* Records provided:
++++++

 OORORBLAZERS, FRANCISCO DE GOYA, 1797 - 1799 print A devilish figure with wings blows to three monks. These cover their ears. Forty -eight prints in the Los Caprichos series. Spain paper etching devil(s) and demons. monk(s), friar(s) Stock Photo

++++++

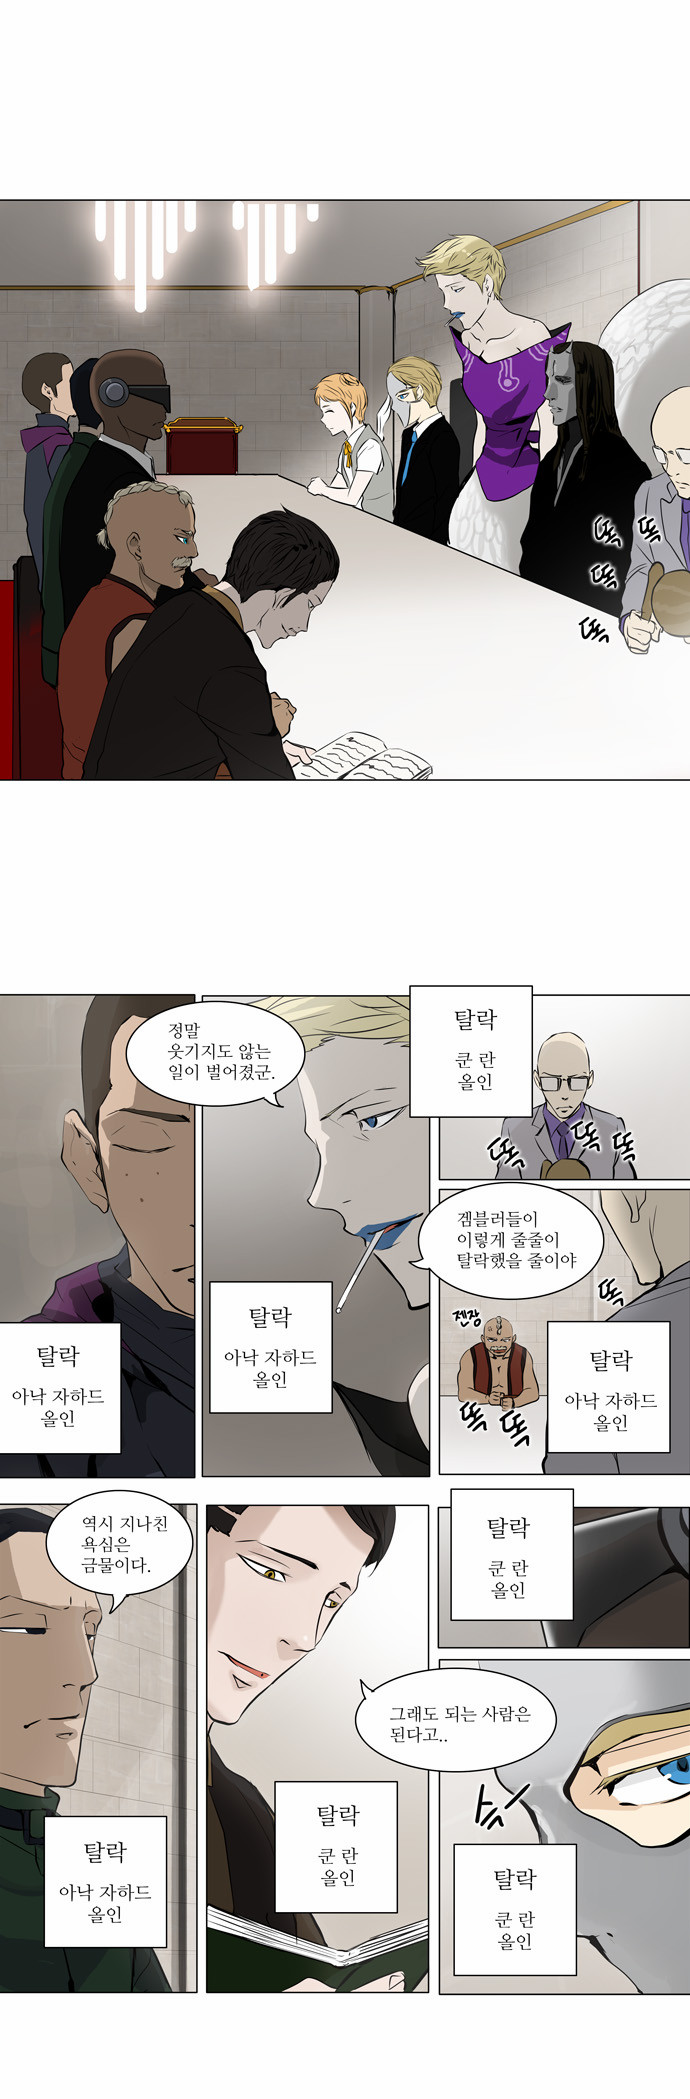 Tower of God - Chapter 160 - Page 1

++++++

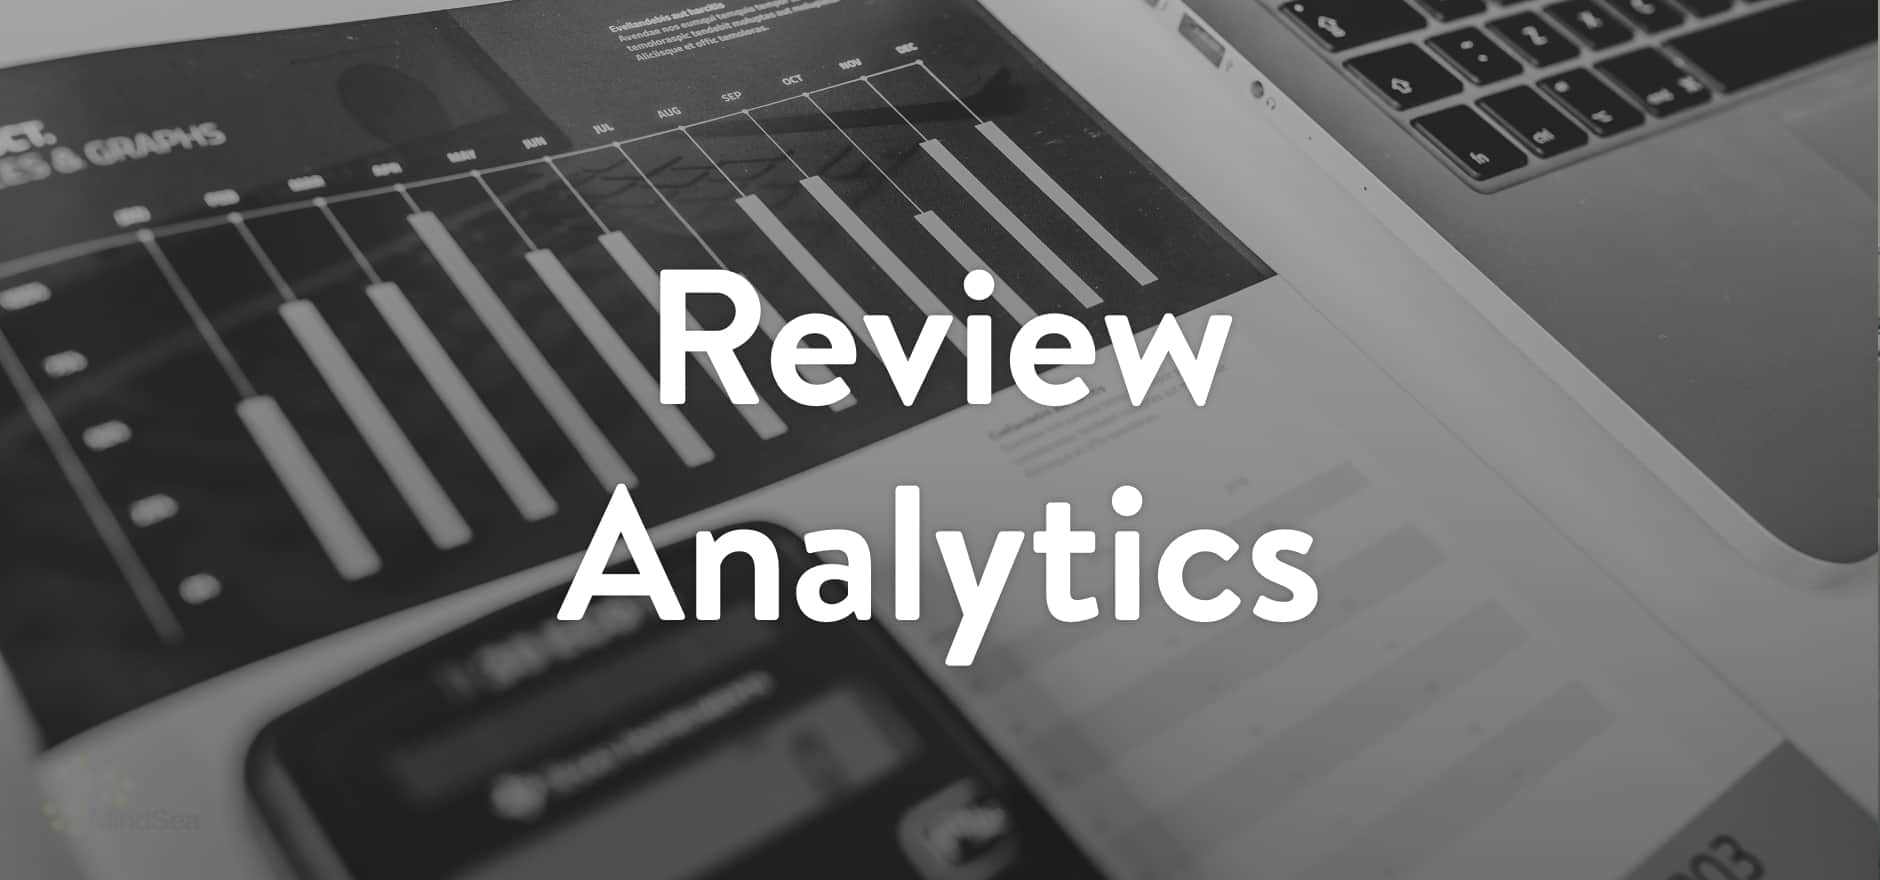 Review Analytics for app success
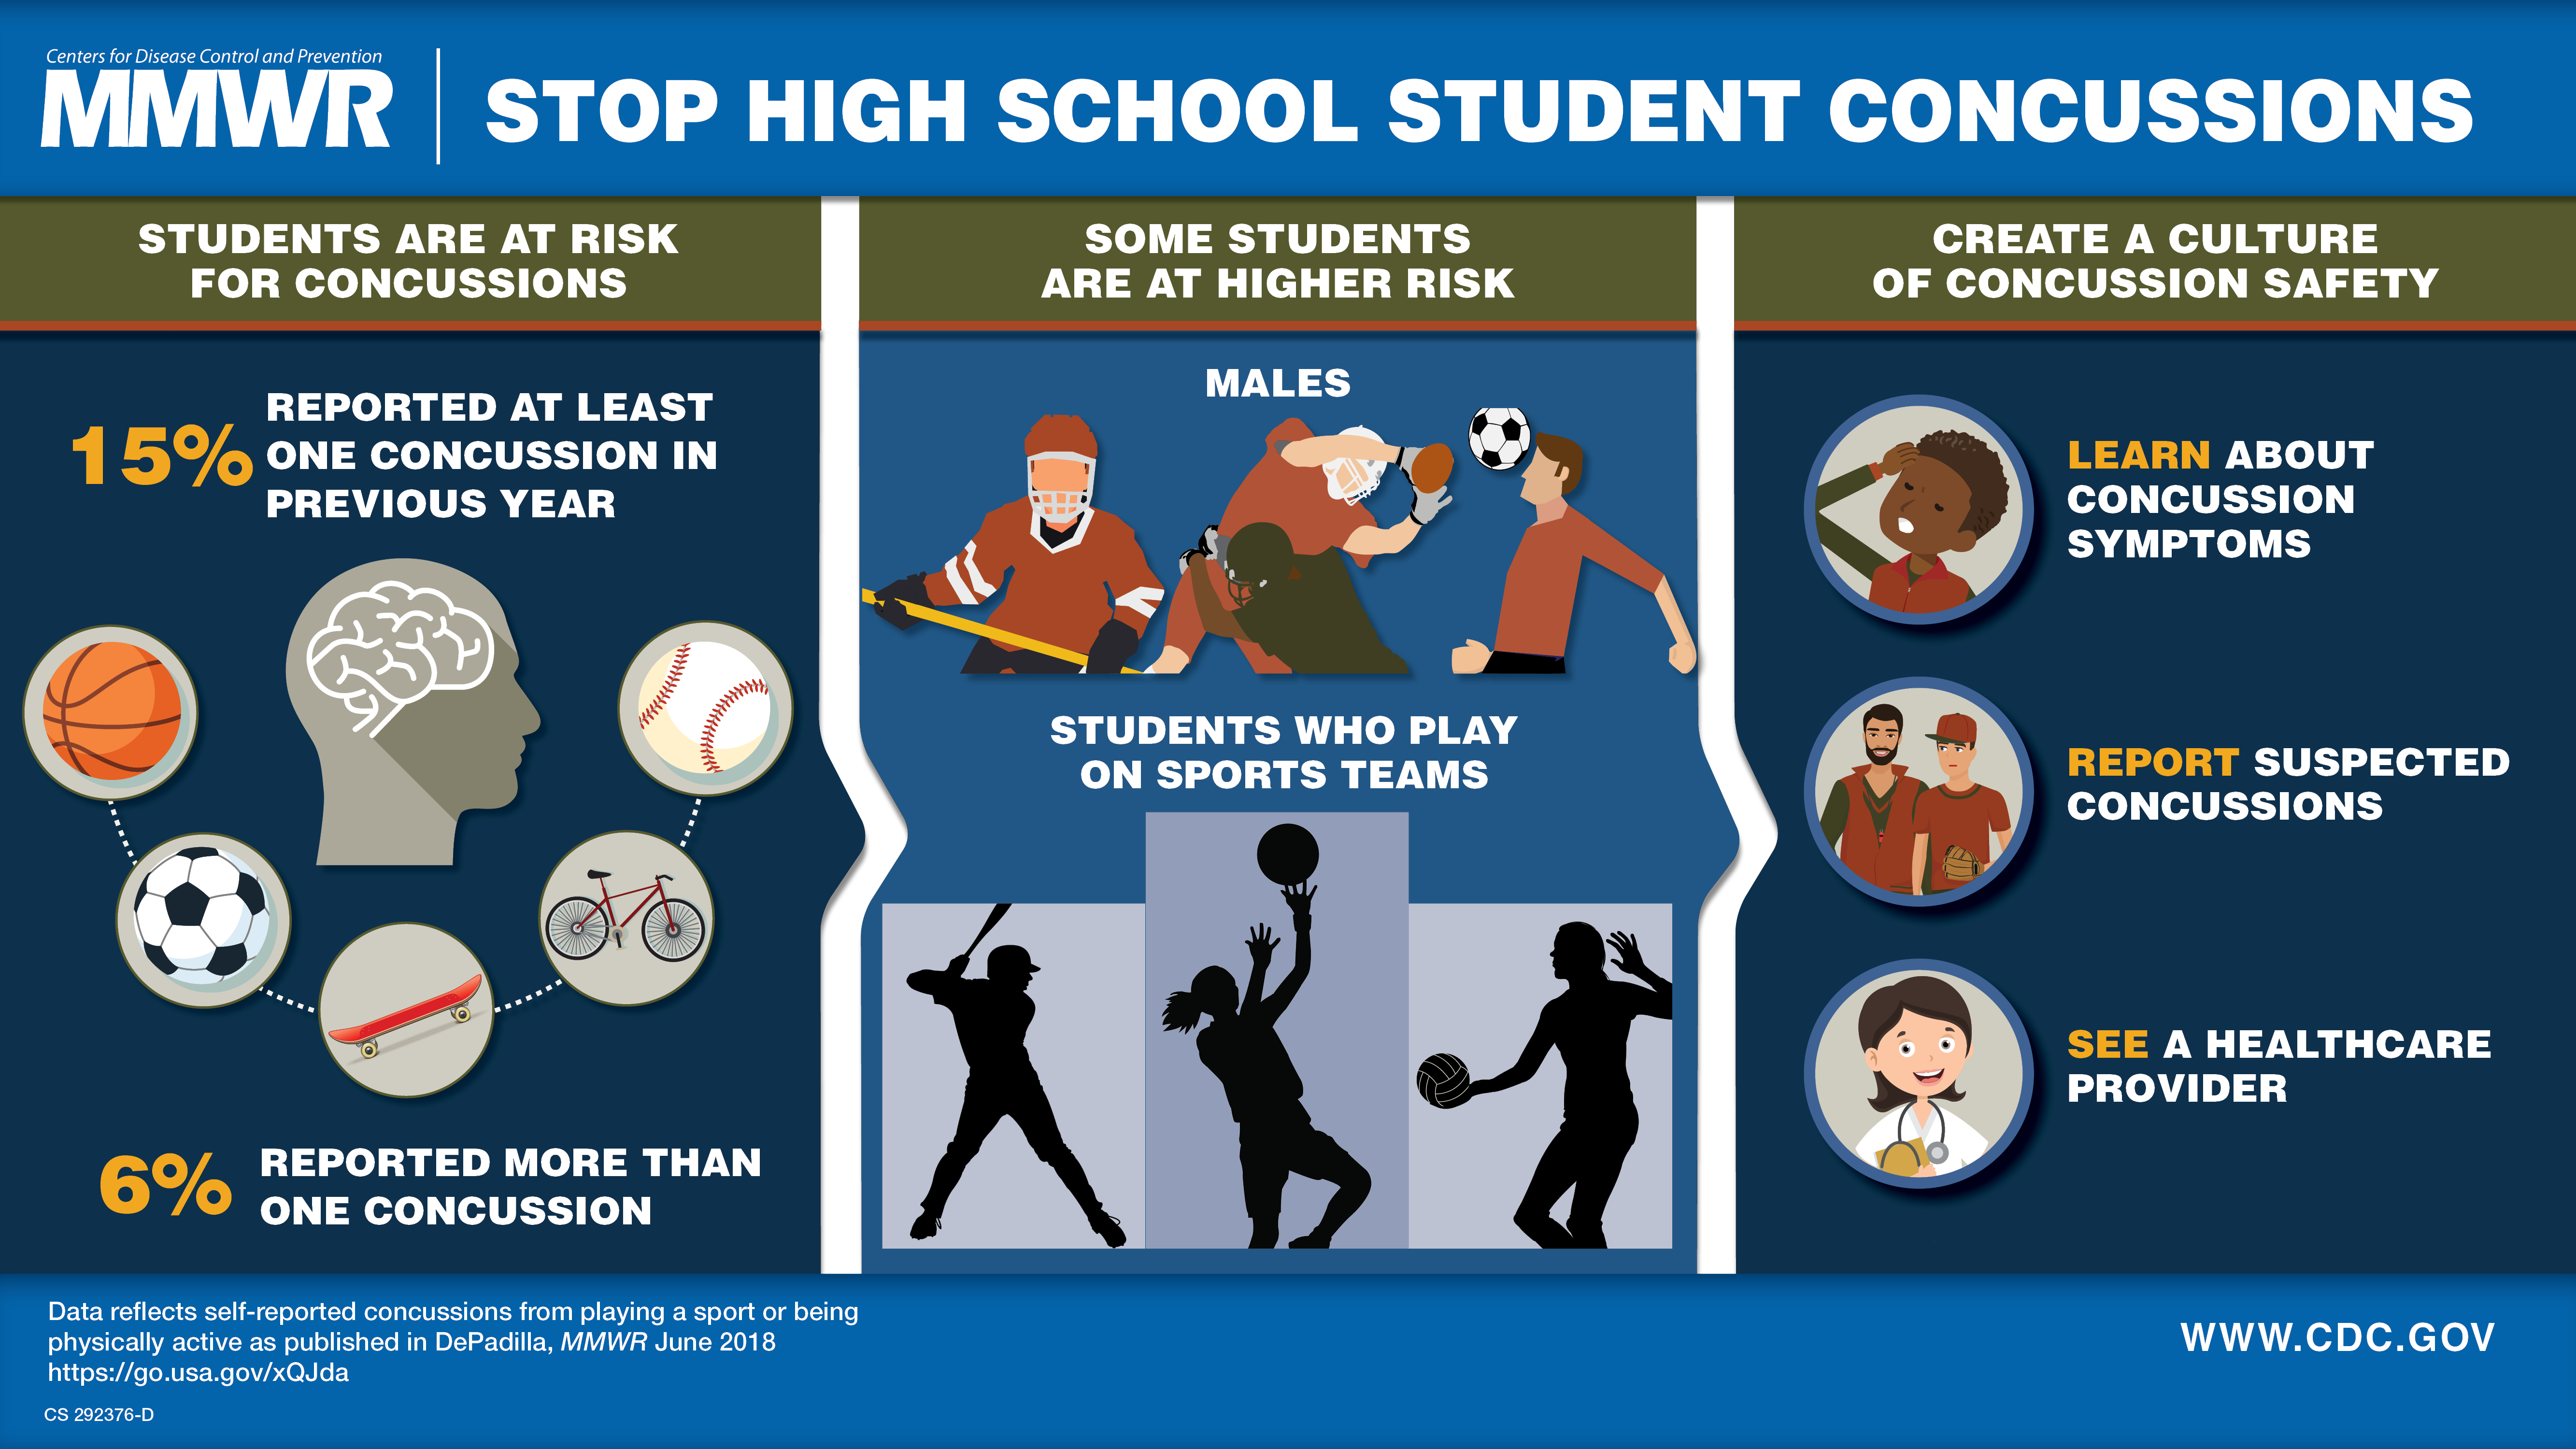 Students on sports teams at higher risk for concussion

++++++

Only the lines of the listing above from the one with "Review Analytics for app success" through the one with "Students on sports" should be output, exactly, with both ends kept and pictures left out.

* Exercise result:
 Review Analytics for app success
 Students on sports teams at higher risk for concussion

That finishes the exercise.